Duration: 8 seconds.

usALEX-5samples - Template

This notebook is executed through 8-spots paper analysis. For a direct execution, uncomment the cell below.



In [1]:

    
ph_sel_name = "AexAem"



In [2]:

    
data_id = "12d"



In [3]:

    
# ph_sel_name = "all-ph"
# data_id = "7d"

Load software and filenames definitions



In [4]:

    
from fretbursts import *









    



 - Optimized (cython) burst search loaded.
 - Optimized (cython) photon counting loaded.
--------------------------------------------------------------
 You are running FRETBursts (version 0.5.9).

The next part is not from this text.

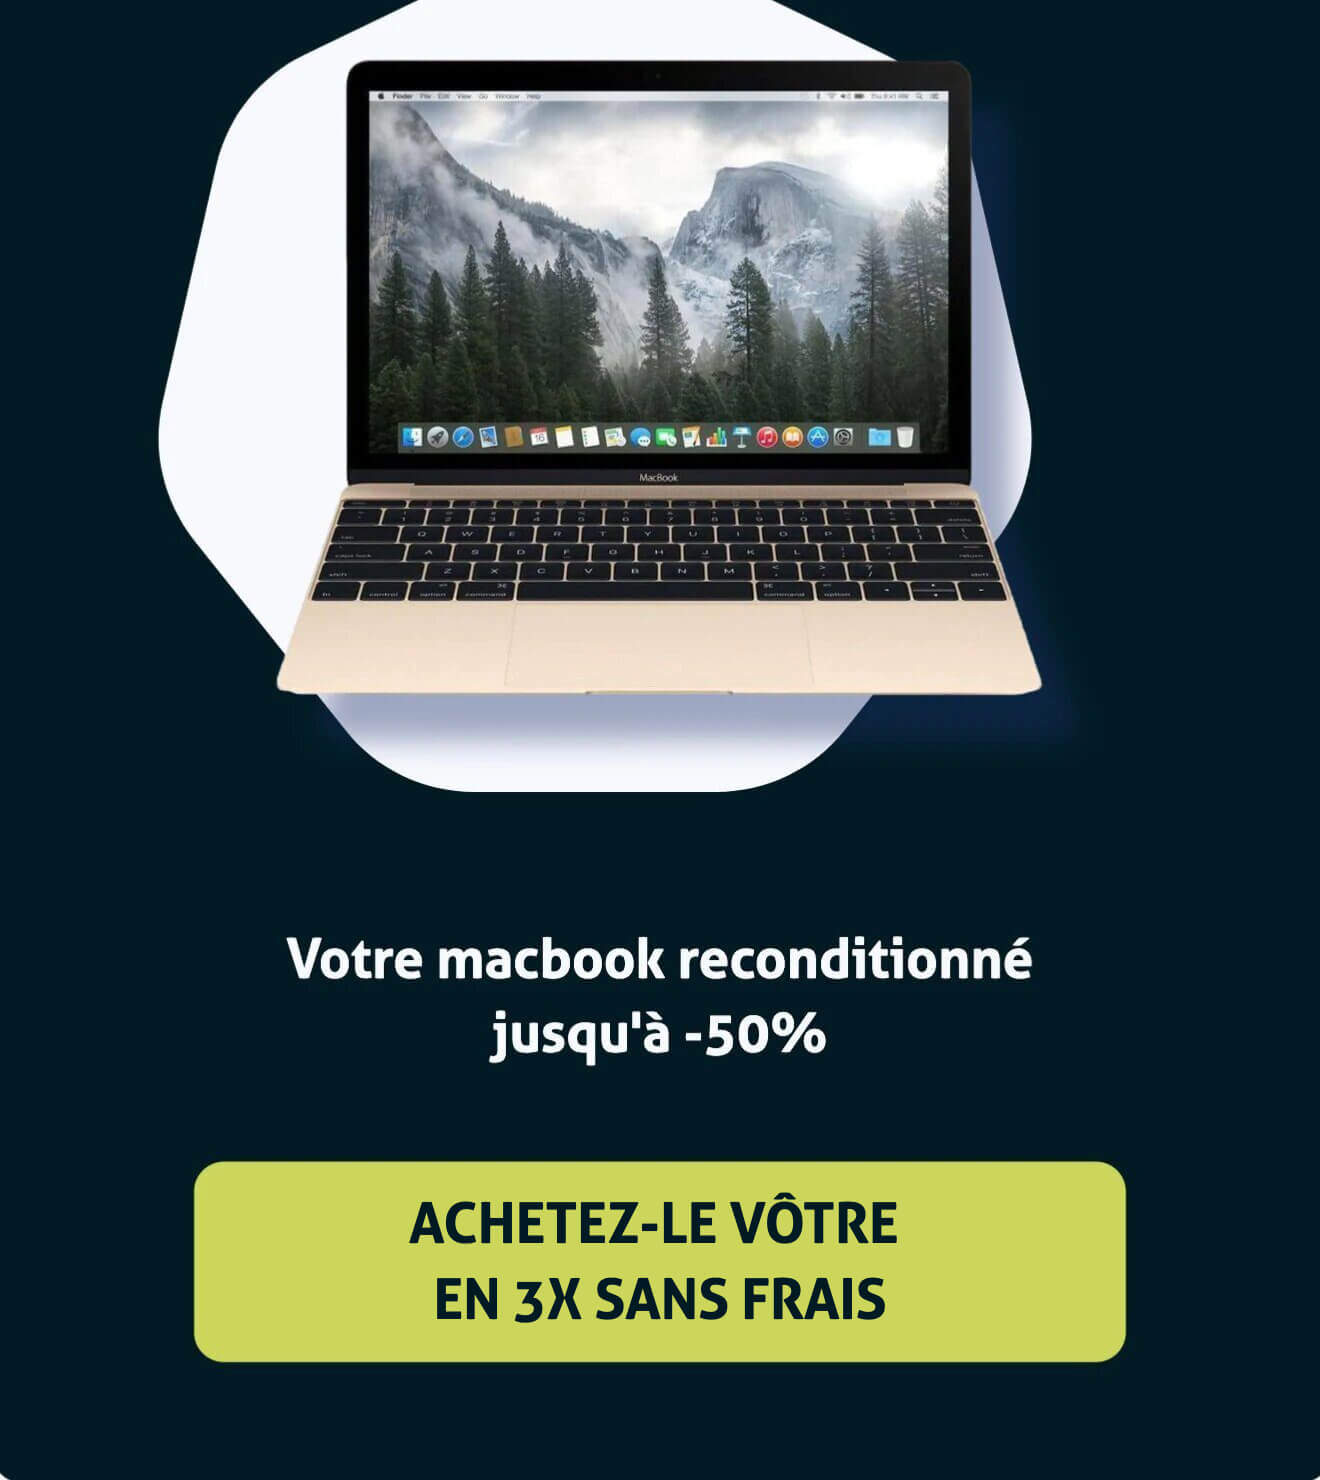 Remake France : macbook, iPad, iMac et iPhone Apple reconditionnés

 If you use this software please cite the following paper:

   FRETBursts: An Open Source Toolkit for Analysis of Freely-Diffusing Single-Molecule FRET
   Ingargiola et al. (2016). http://dx.doi.org/10.1371/journal.pone.0160716 

--------------------------------------------------------------



In [5]:

    
init_notebook()
from IPython.display import display

Data folder:



In [6]:

    
data_dir = './data/singlespot/'

Check that the folder exists:



In [7]:

    
import os
data_dir = os.path.abspath(data_dir) + '/'
assert os.path.exists(data_dir), "Path '%s' does not exist." % data_dir

List of data files in data_dir:



In [8]:

    
from glob import glob



In [9]:

    
file_list = sorted(f for f in glob(data_dir + '*.hdf5') if '_BKG' not in f)
file_list









    Out[9]:





['/Users/anto/Google Drive/notebooks/multispot_paper/data/singlespot/004_dsDNA_17d_green100u_red40u.hdf5',
 '/Users/anto/Google Drive/notebooks/multispot_paper/data/singlespot/005_dsDNA_27d_green100u_red40u.hdf5',
 '/Users/anto/Google Drive/notebooks/multispot_paper/data/singlespot/006_dsDNA_7d_green100u_red40u.hdf5',
 '/Users/anto/Google Drive/notebooks/multispot_paper/data/singlespot/007_dsDNA_12d_3nM_green100u_red40u.hdf5',
 '/Users/anto/Google Drive/notebooks/multispot_paper/data/singlespot/008_dsDNA_22d_500pM_green100u_red40u.hdf5',
 '/Users/anto/Google Drive/notebooks/multispot_paper/data/singlespot/2012-12-06_001_4 Channel Dark Count.hdf5']



In [10]:

    
## Selection for POLIMI 2012-12-6 dataset
# file_list.pop(2)
# file_list = file_list[1:-2]
# display(file_list)
# labels = ['22d', '27d', '17d', '12d', '7d']



In [11]:

    
## Selection for P.E. 2012-12-6 dataset
# file_list.pop(1)
# file_list = file_list[:-1]
# display(file_list)
# labels = ['22d', '27d', '17d', '12d', '7d']



In [12]:

    
## Selection for POLIMI 2012-11-26 datatset
labels = ['17d', '27d', '7d', '12d', '22d']



In [13]:

    
files_dict = {lab: fname for lab, fname in zip(labels, file_list)}
files_dict









    Out[13]:





{'12d': '/Users/anto/Google Drive/notebooks/multispot_paper/data/singlespot/007_dsDNA_12d_3nM_green100u_red40u.hdf5',
 '17d': '/Users/anto/Google Drive/notebooks/multispot_paper/data/singlespot/004_dsDNA_17d_green100u_red40u.hdf5',
 '22d': '/Users/anto/Google Drive/notebooks/multispot_paper/data/singlespot/008_dsDNA_22d_500pM_green100u_red40u.hdf5',
 '27d': '/Users/anto/Google Drive/notebooks/multispot_paper/data/singlespot/005_dsDNA_27d_green100u_red40u.hdf5',
 '7d': '/Users/anto/Google Drive/notebooks/multispot_paper/data/singlespot/006_dsDNA_7d_green100u_red40u.hdf5'}



In [14]:

    
ph_sel_map = {'all-ph': Ph_sel('all'), 'AexAem': Ph_sel(Aex='Aem')}
ph_sel = ph_sel_map[ph_sel_name]

data_id, ph_sel_name









    Out[14]:





('12d', 'AexAem')

Data load

Initial loading of the data:



In [15]:

    
d = loader.photon_hdf5(filename=files_dict[data_id])

Laser alternation selection

At this point we have only the timestamps and the detector numbers:



In [16]:

    
d.ph_times_t, d.det_t









    Out[16]:





([array([      42190,       56253,       56263, ..., 47999942928,
         47999959323, 48000016759])],
 [array([1, 0, 0, ..., 1, 1, 1], dtype=uint32)])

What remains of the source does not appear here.